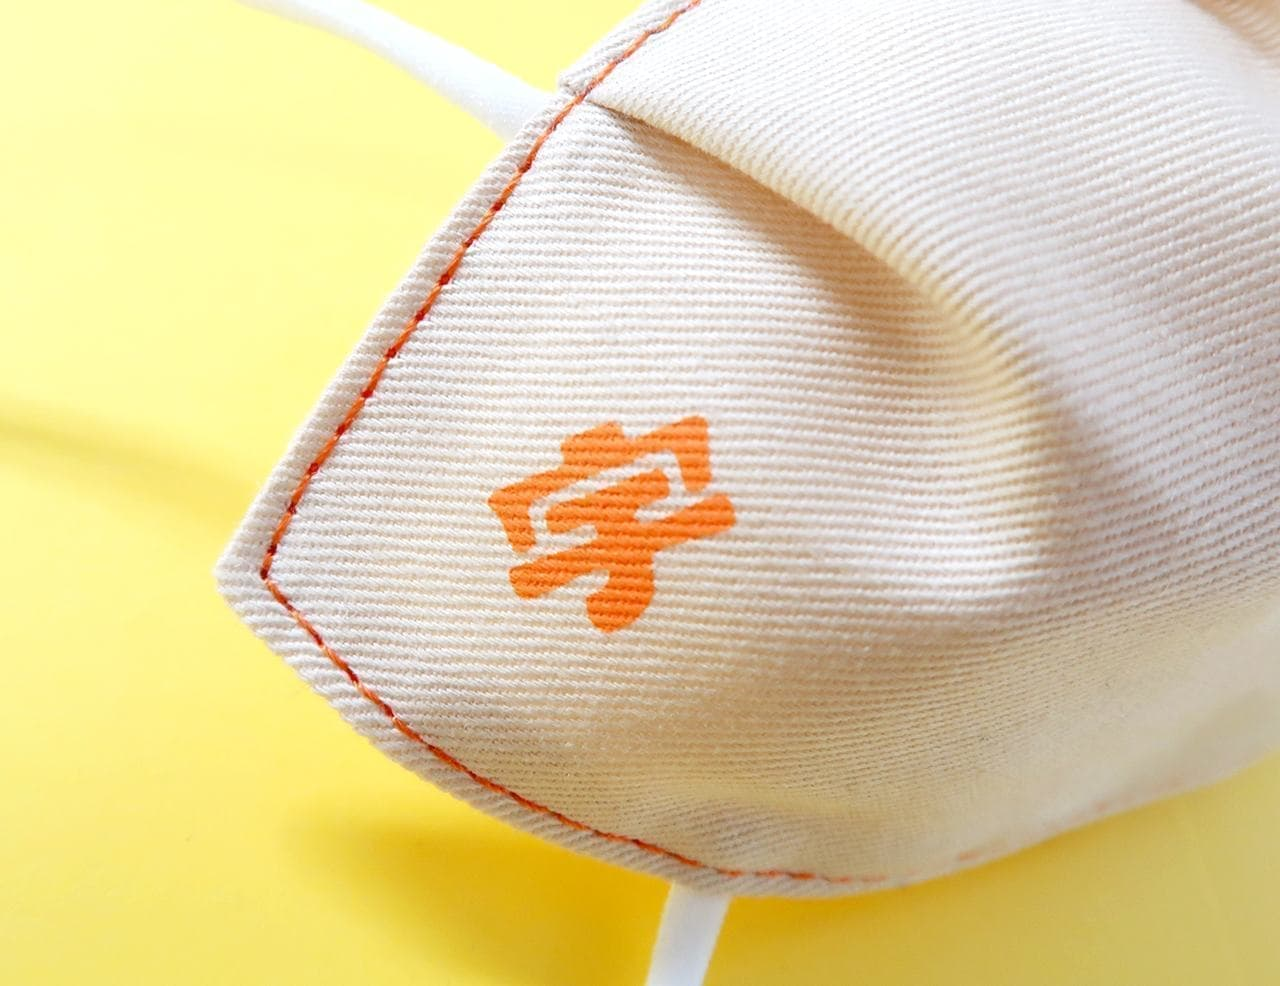 餃子のひだも再現「宇都宮餃子マスク」に子ども用サイズ
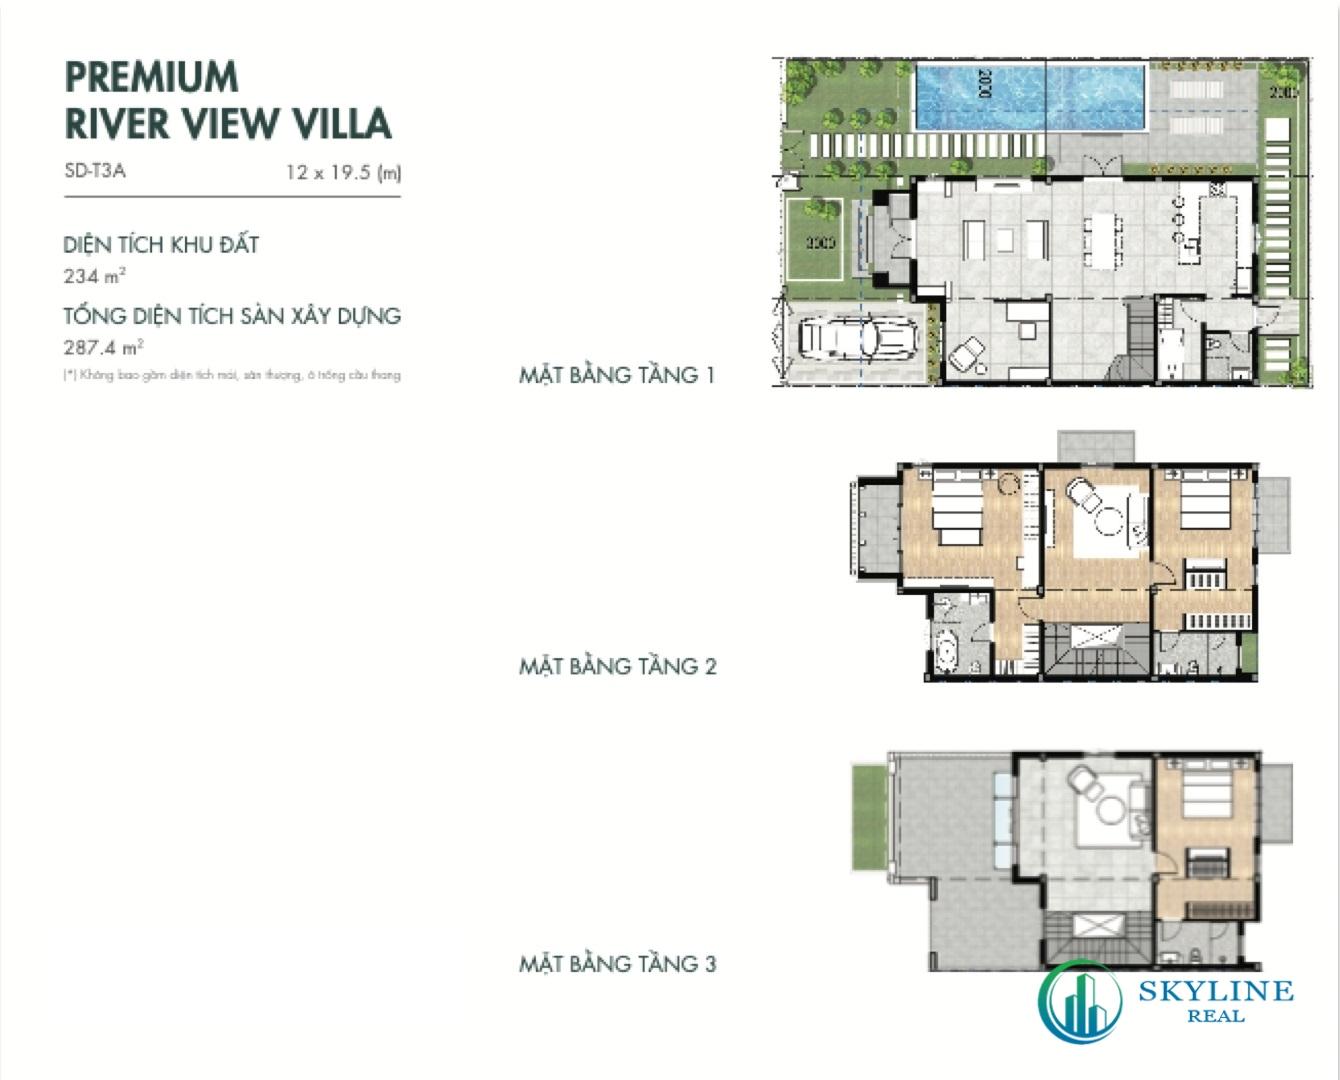 Mặt bằng Villas 12×19,5m tại Aqua City River Park
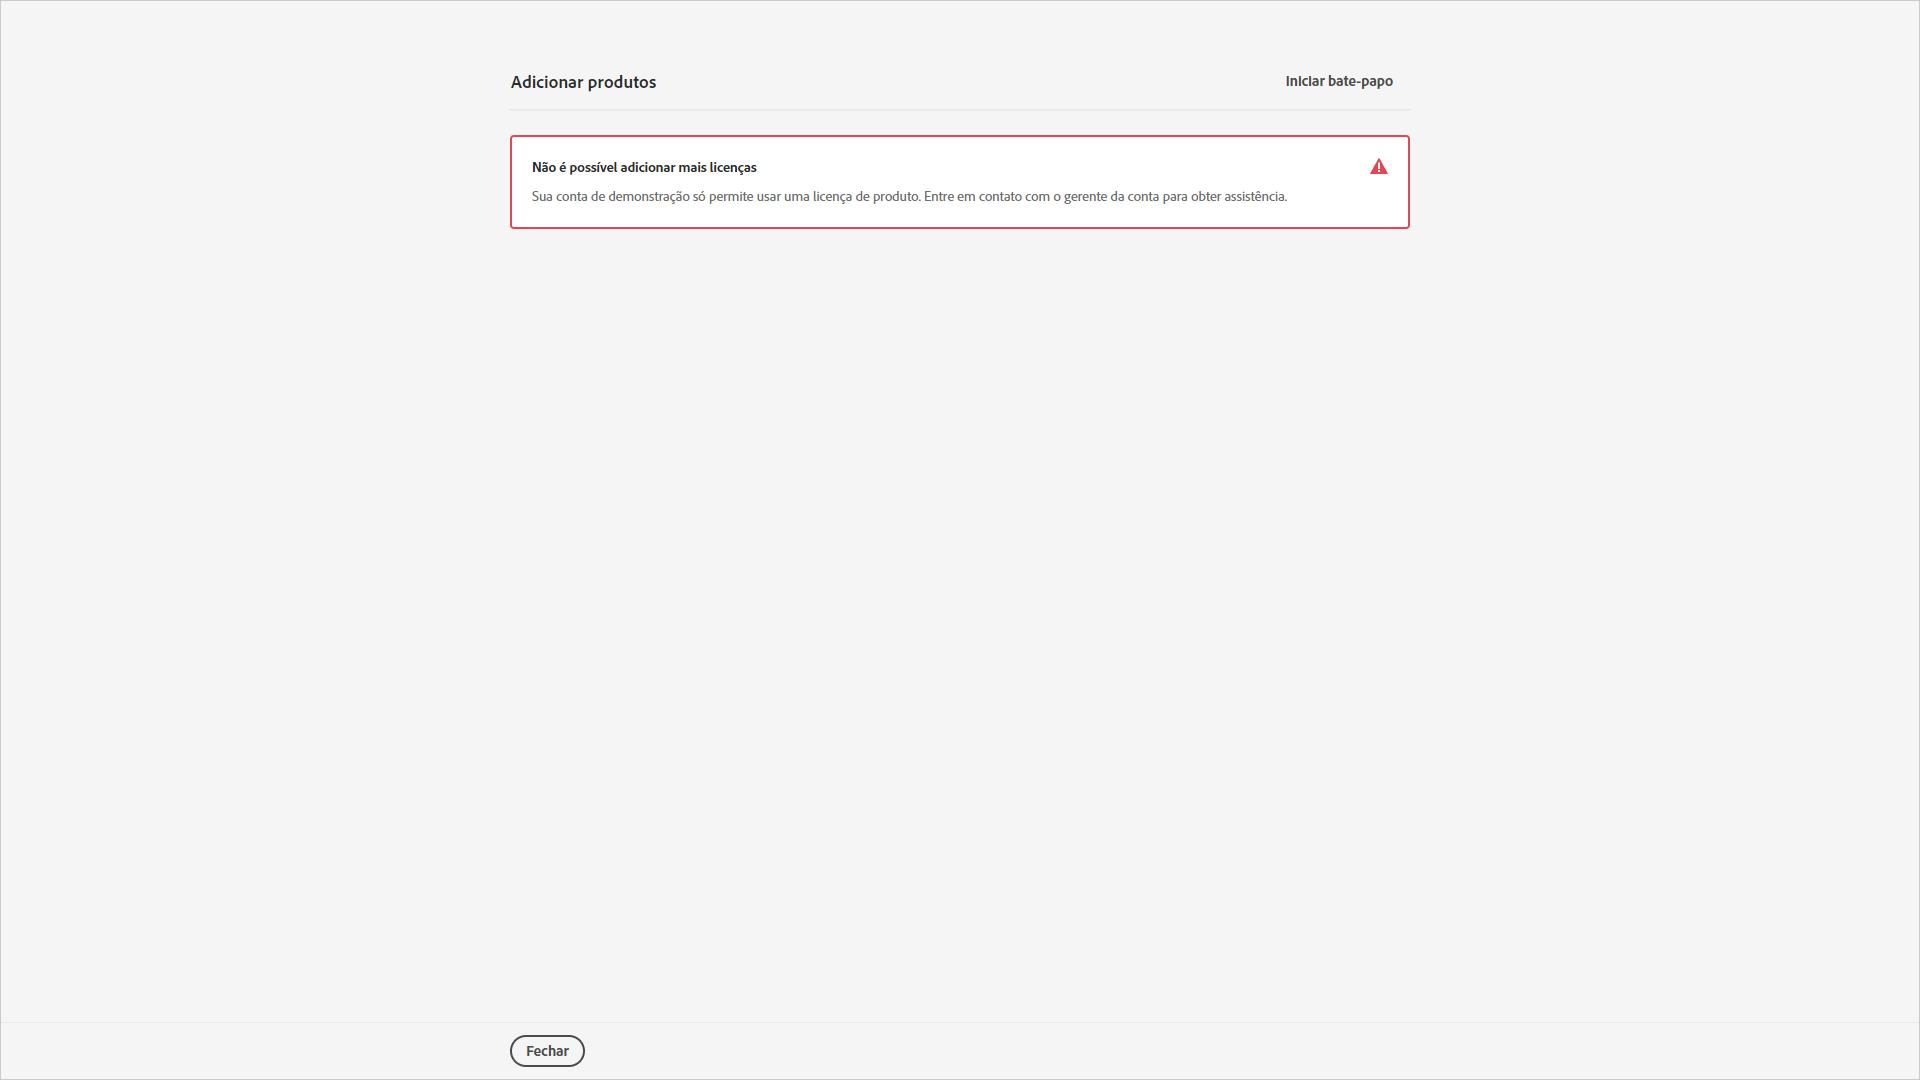 Gestão de licenças Adobe: Adobe Admin Console
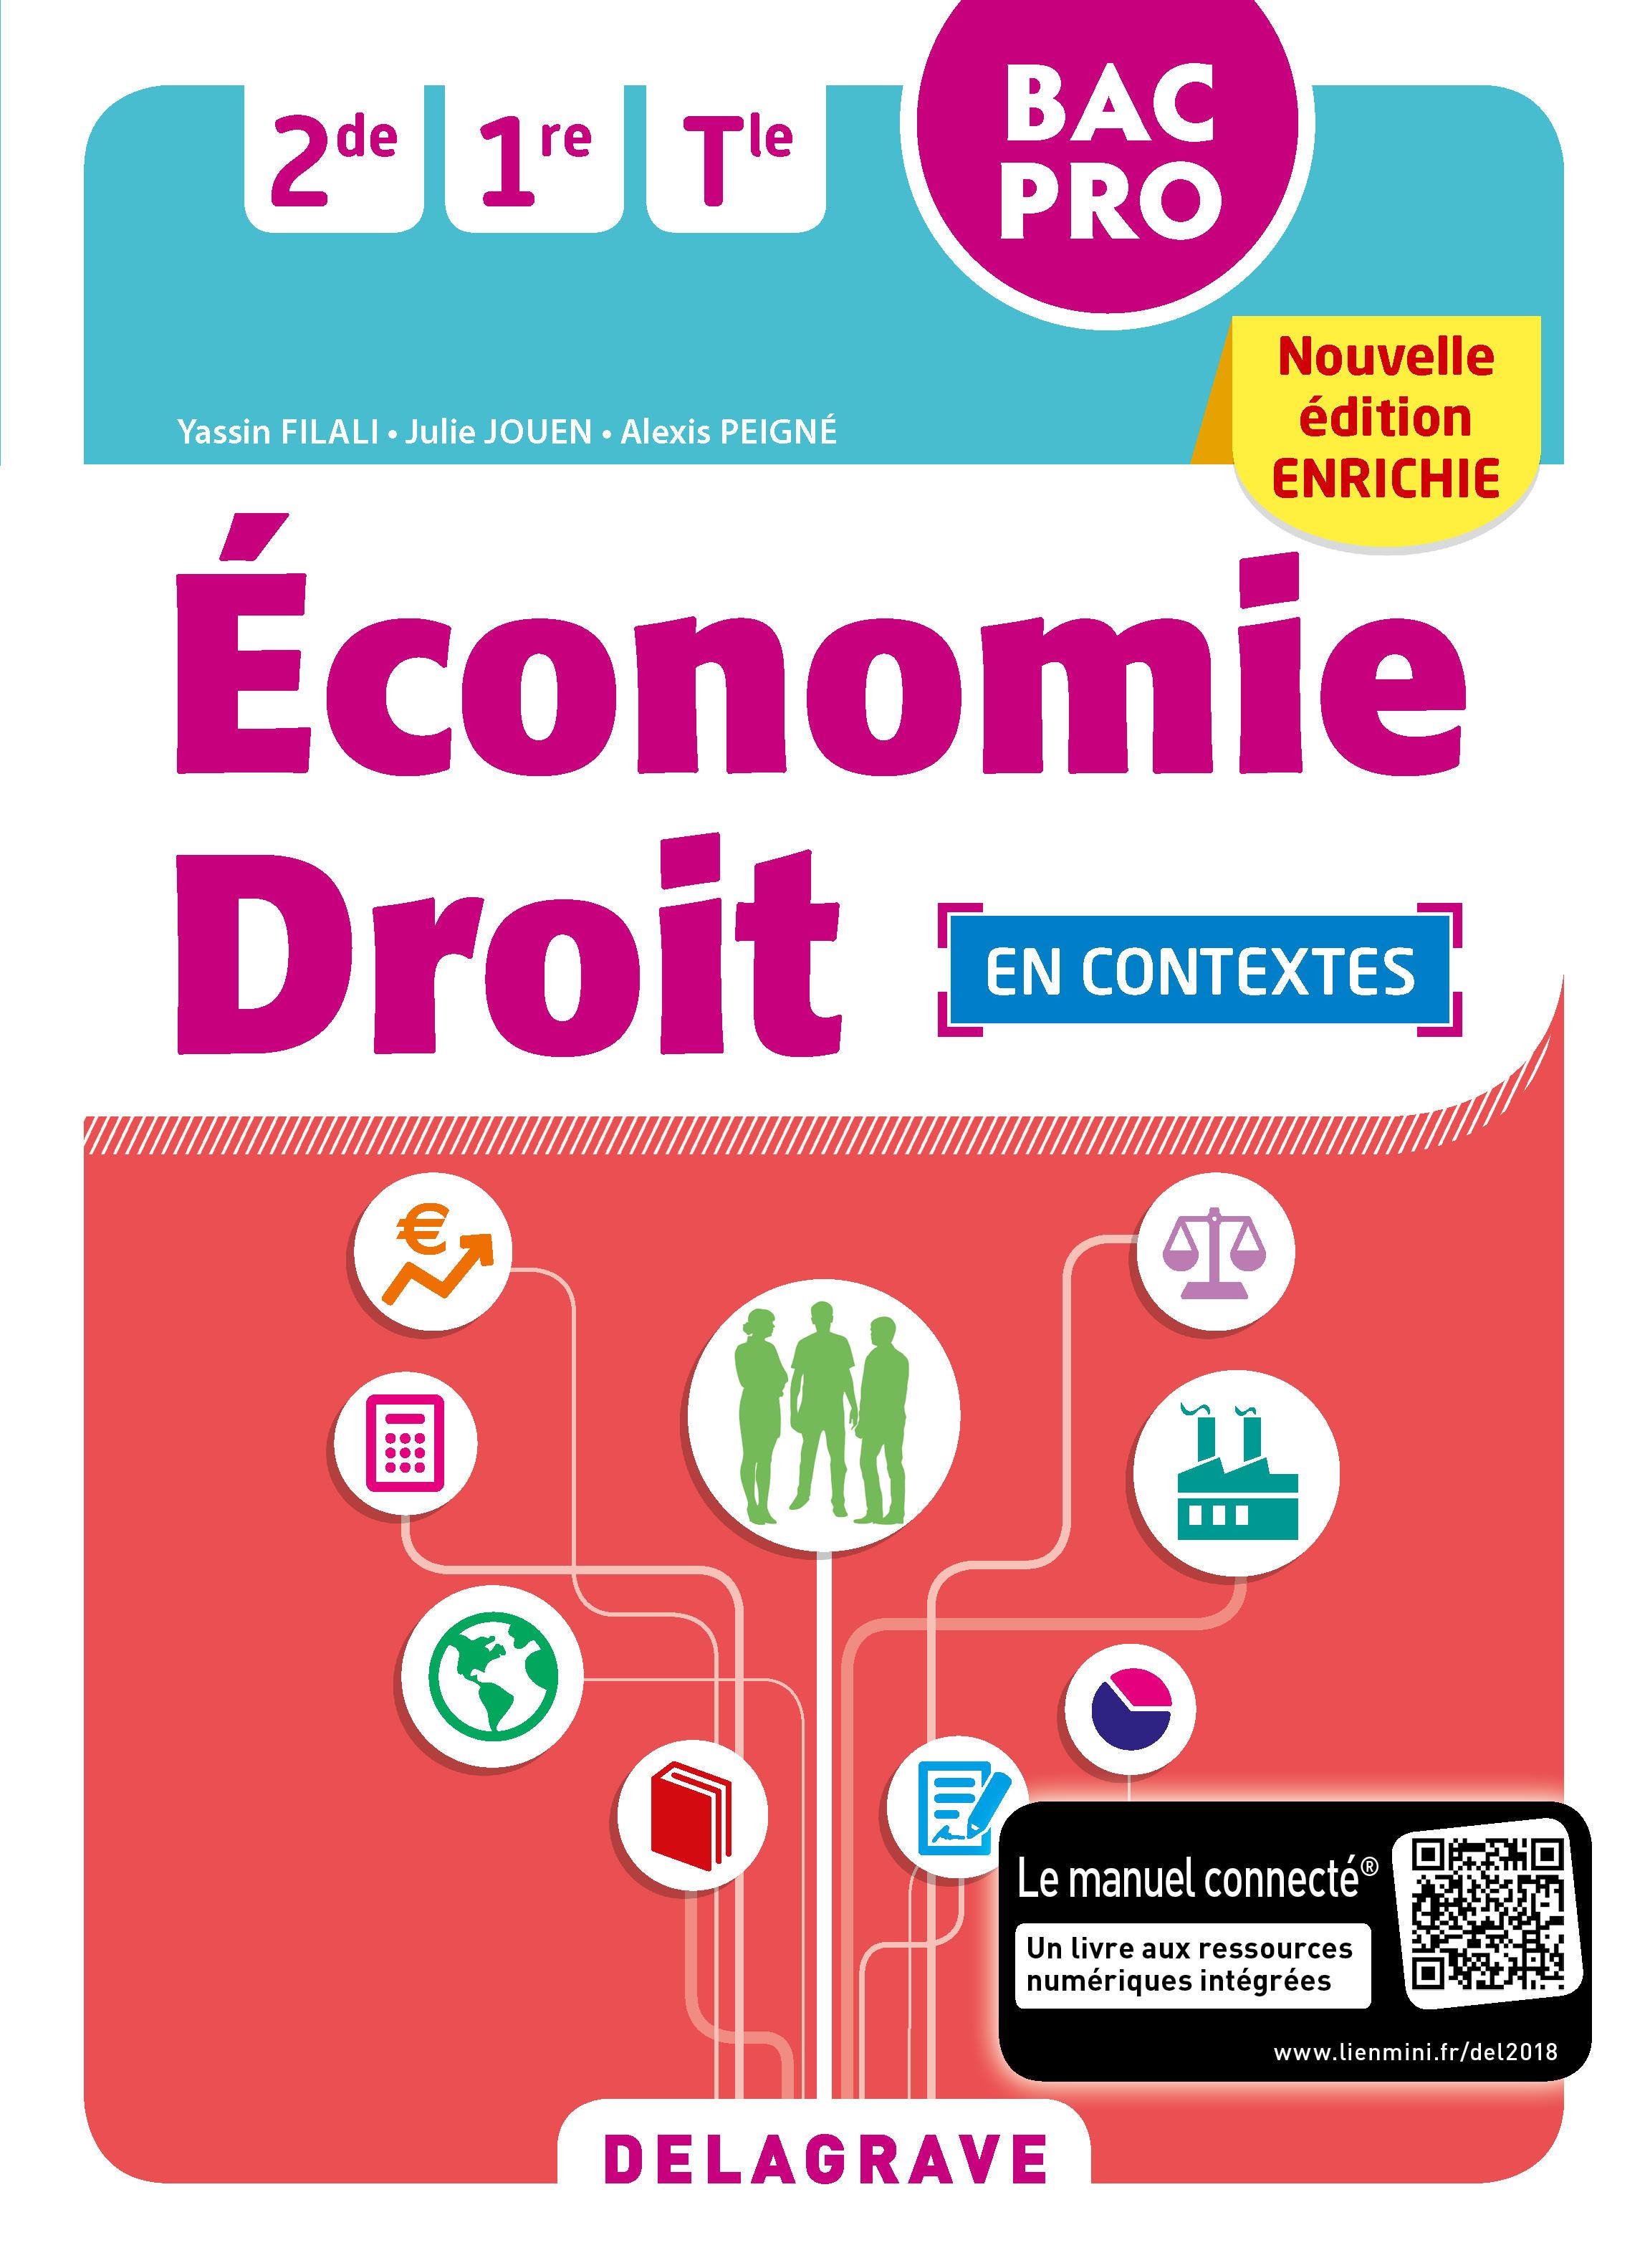 Economie Droit 2de 1re Tle Bac Pro 2018 Pochette Eleve
• • • •
# [Your instructions]
Without any of its pictures, the listing is to be repeated exactly as it stands.

# [The answer]
 餃子のひだも再現「宇都宮餃子マスク」に子ども用サイズ
 Mặt bằng Villas 12×19,5m tại Aqua City River Park
 Gestão de licenças Adobe: Adobe Admin Console
 Economie Droit 2de 1re Tle Bac Pro 2018 Pochette Eleve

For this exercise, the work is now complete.